Secukinumab in Psoriatic Arthritis Patients with Axial Disease Save

Like any other systemic rheumatic disease, treating psoriatic arthritis (PsA) remains a challenge. Axial involvement is common and like AS, can have profound effects on the functional capacity and quality of life of those affected.  Results of the MAXIMISE trial show that Secukinumab provided clinical improvement and reduction in inflammatory MRI lesions in patients with psoriatic arthritis and axial disease through week 52. 

This study was a large, phase III, multicentre trial involving 498 psoriatic arthritis patients fulfilling the CASPAR criteria  who had active spinal disease (spinal pain VAS score ≥40/100 and BASDAI-score ≥4) and inadequate response to > 2 NSAIDs. Patients were randomized to either subcutaneous secukinumab (SEC) 300mg, 150mg or placebo weekly for 4 weeks then every 4 weeks thereafter. After week 12, patients on placebo were re-randomized to SEC 300mg or 150mg. The primary endpoint was an ASAS20 response with SEC 300mg at week 12. Additional exploratory assessments were made at week 52 which included ASAS20/40, BASDAI50, spinal pain (VAS) and improvement in Berlin MRI score for the spine and SI joints. 

At week 12, there was a significant (P< 0.0001) improvement in ASAS20/40 responses with SEC 300mg (62.9%/43.6%) and SEC 150mg (66.3%/39.5%) compared to placebo (31.2%/12.2%). In addition, patients who met the following criteria for inflammatory back pain at baseline achieved an ASAS20 response at week 12: ASAS (64.6%), Calin et. al (69.1%) and Berlin (33.6%). 
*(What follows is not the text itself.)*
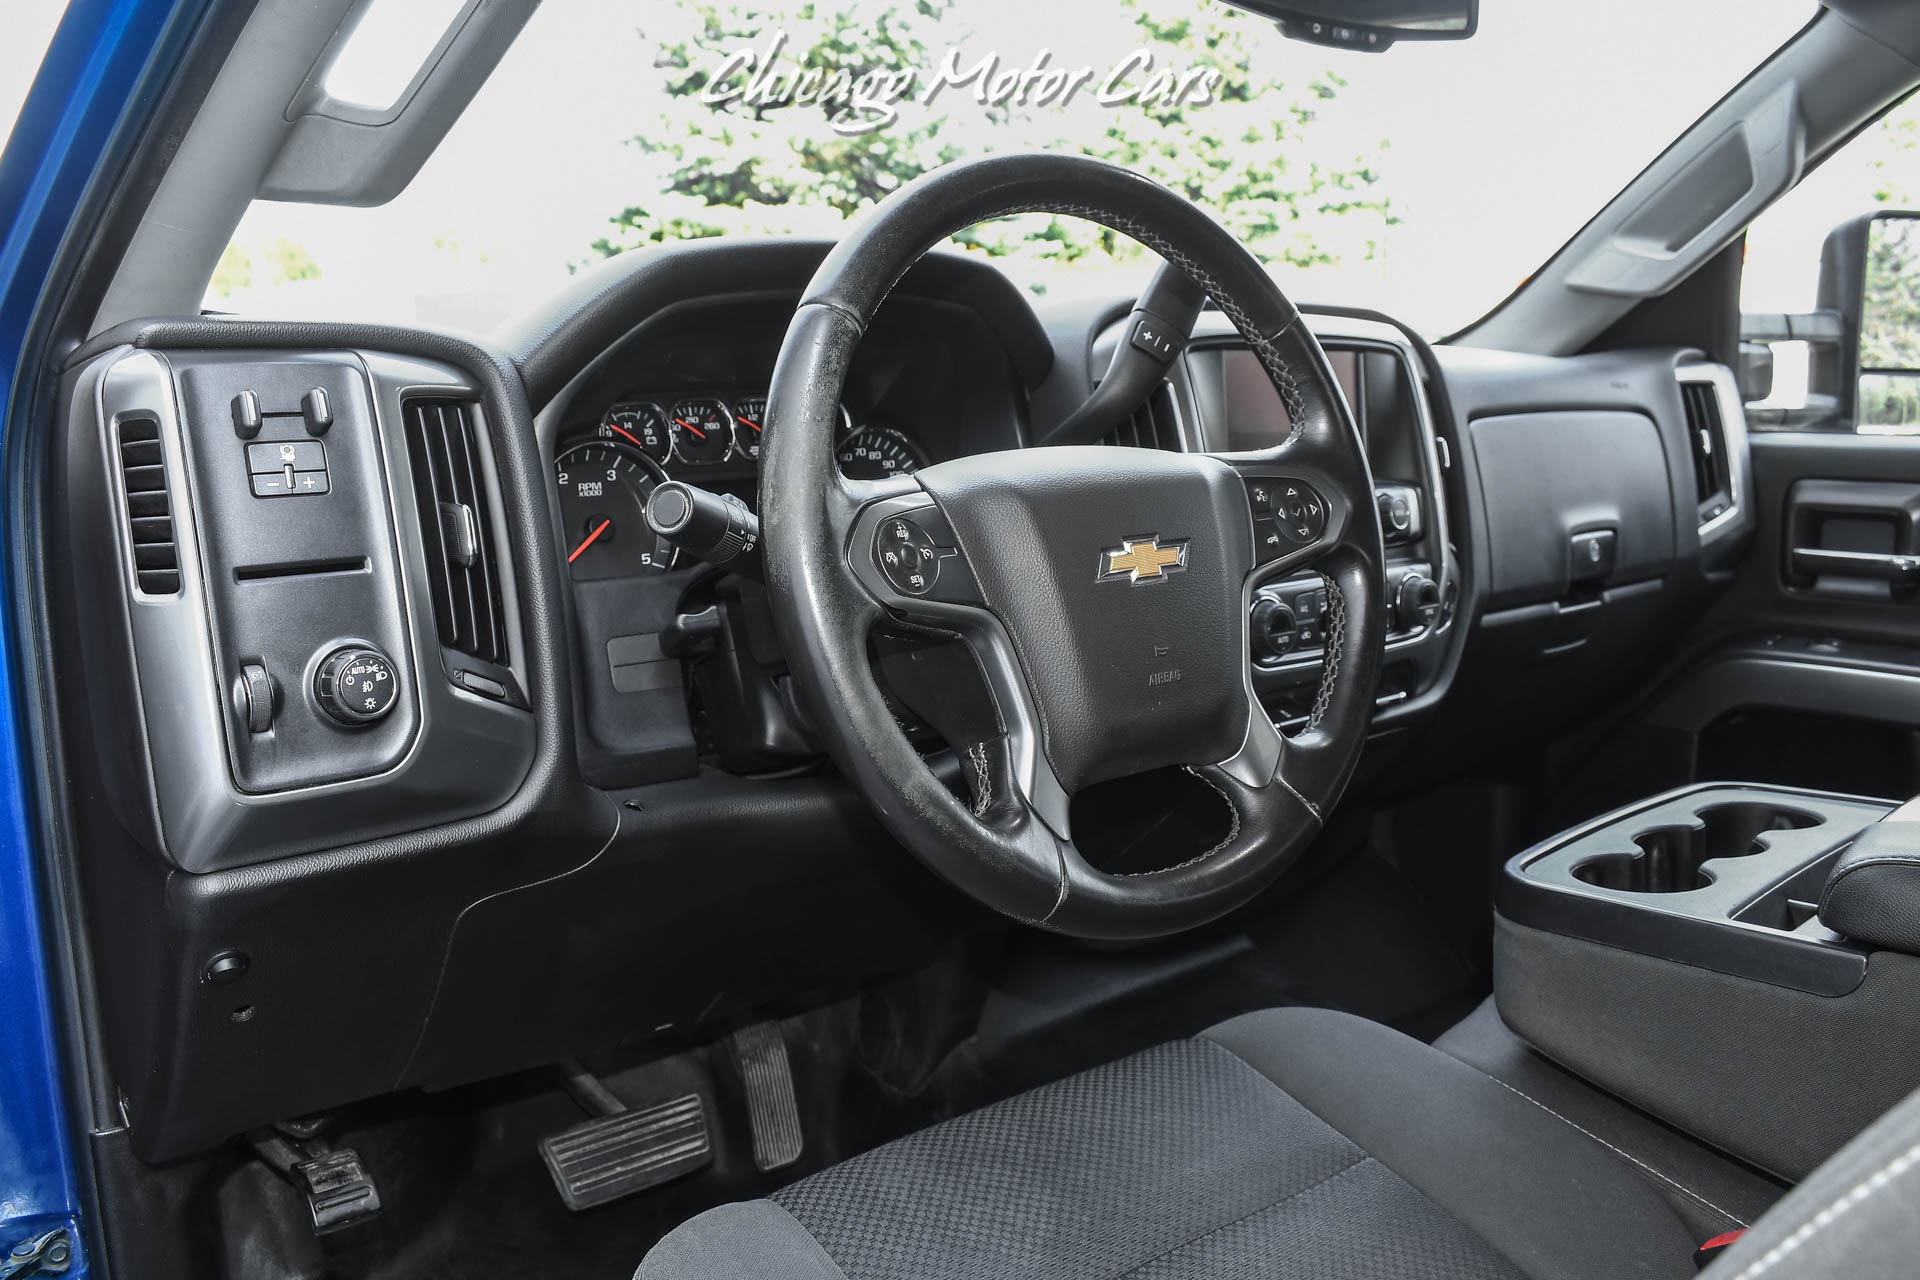 Used-2015-Chevrolet-Silverado-3500HD-LT-SRW-2WD-Crew-Cab-Duramax-66L-Diesel-Turbo-V8-LT-CONVENIENCE-PACKAGE

Investigators have also reported further improvement with SEC 300/150mg in ASAS20/40 response rates as well as sustained reductions in the Berlin MRI scores for the entire spine and SI joints from baseline through 52 weeks.
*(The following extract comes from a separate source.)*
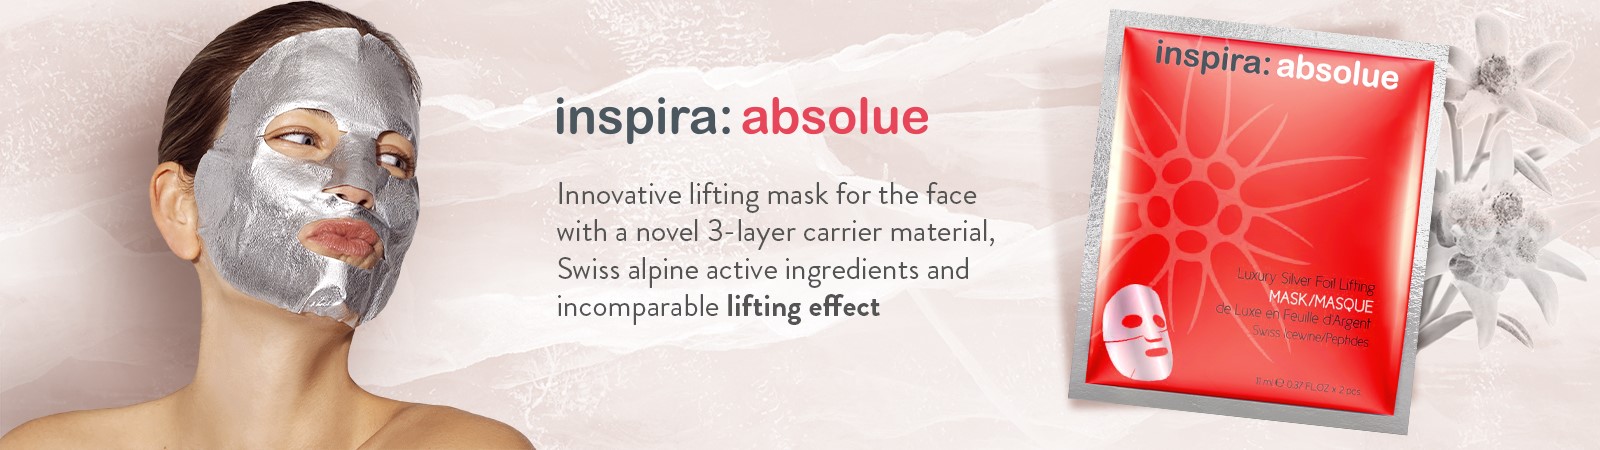 Inspira Absolue silver foil mask

This trial showed that Secukinumab is effective for axial disease in PsA with significant rapid and sustained improvement in clinical and imaging outcomes. It’s exciting to know this seeing how there is still limited evidence on the use of biologics in a randomized controlled setting for psoriatic arthritis patients with axial manifestations. How will these results impact the current management of axial PsA?  For one thing, it adds weight to further understanding this distinct phenotype of axSpa. I expect that more studies similar to this will start to come out in the future. The MAXIMISE trial (abstract #0505) results was presented during the abstract session on spondyloarthritis treatment on Friday, November 6, 2020 at 3:00PM EST.